A sub-set of the Blanket Men (see last year’s post here) are the Sheet Boys. I watched them this morning from the safety of a cafe beside the Rambla. I have no idea how they make any money.
First up they lay down their white sheet then they meticulously place items on it. These items could be phone cases, fridge magnets or other tourist tat. Then they are ready for passing trade. As part of the operation, there are spotters who stand by the road watching for the police.
As soon as they spot a cop, the spotter is over with the seller and the seller wraps up his sheet and sticks it in one of those shopping bags you buy at the supermarket with an image of the town on it…in this case, Barcelona. They wander off, sometimes hiding behind conveniently parked vans. They wait for the police to leave before starting it all over again.

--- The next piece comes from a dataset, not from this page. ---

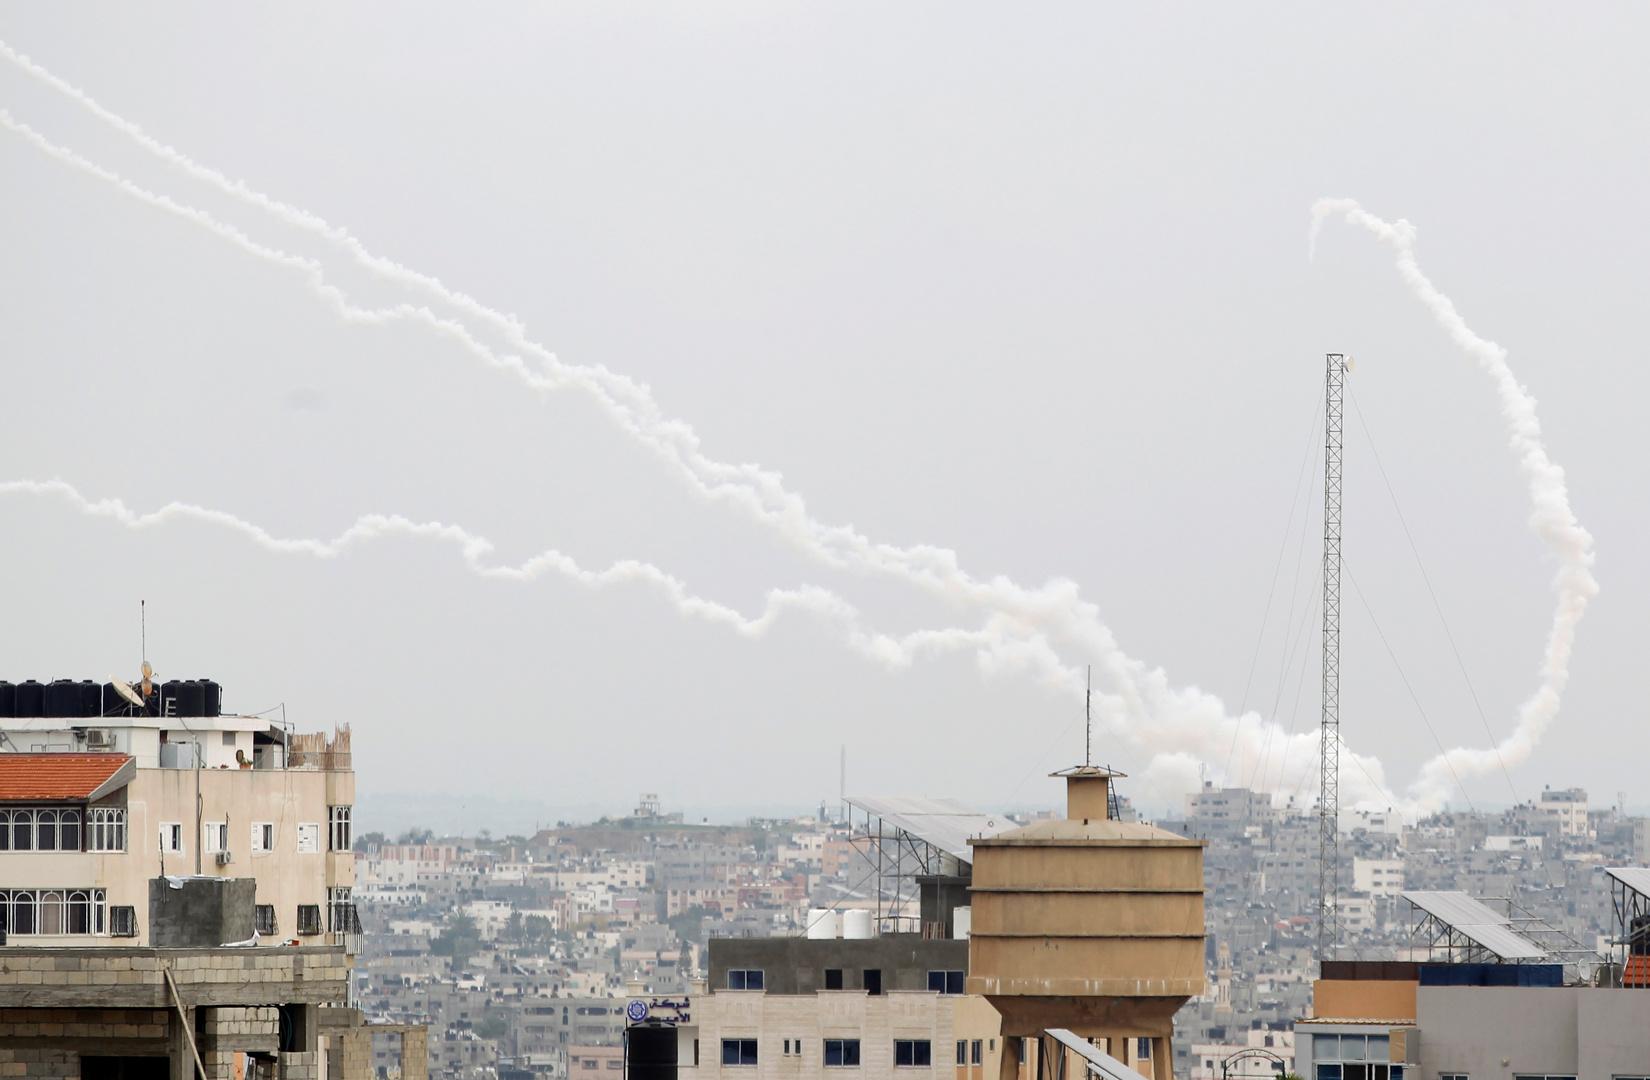 إطلاق صواريخ من قطاع غزة باتجاه إسرائيل

And this goes on all day. Not that we were watching all day but I did see a couple of the same people on our way back from Montjuic this evening.
In fact our whole day was up Montjuic. We took the Metro to Para-Lel where we were going to take the Funicular only the Funicular isn’t much fun at the moment because it’s being maintained. This happens every year at this time.
We discovered that rather than the (lack of) Funicular, the transport people have instituted a bus marked ‘B’ to replace it. This takes the traveller from the station to where the Funicular terminates which is where the Cable Car to the top starts. Along with the Funicular, the Cable Car is also being maintained. This means the only ways to get to the top are walk, jog, taxi, personal jetpack or, as we did, catch the 150 bus.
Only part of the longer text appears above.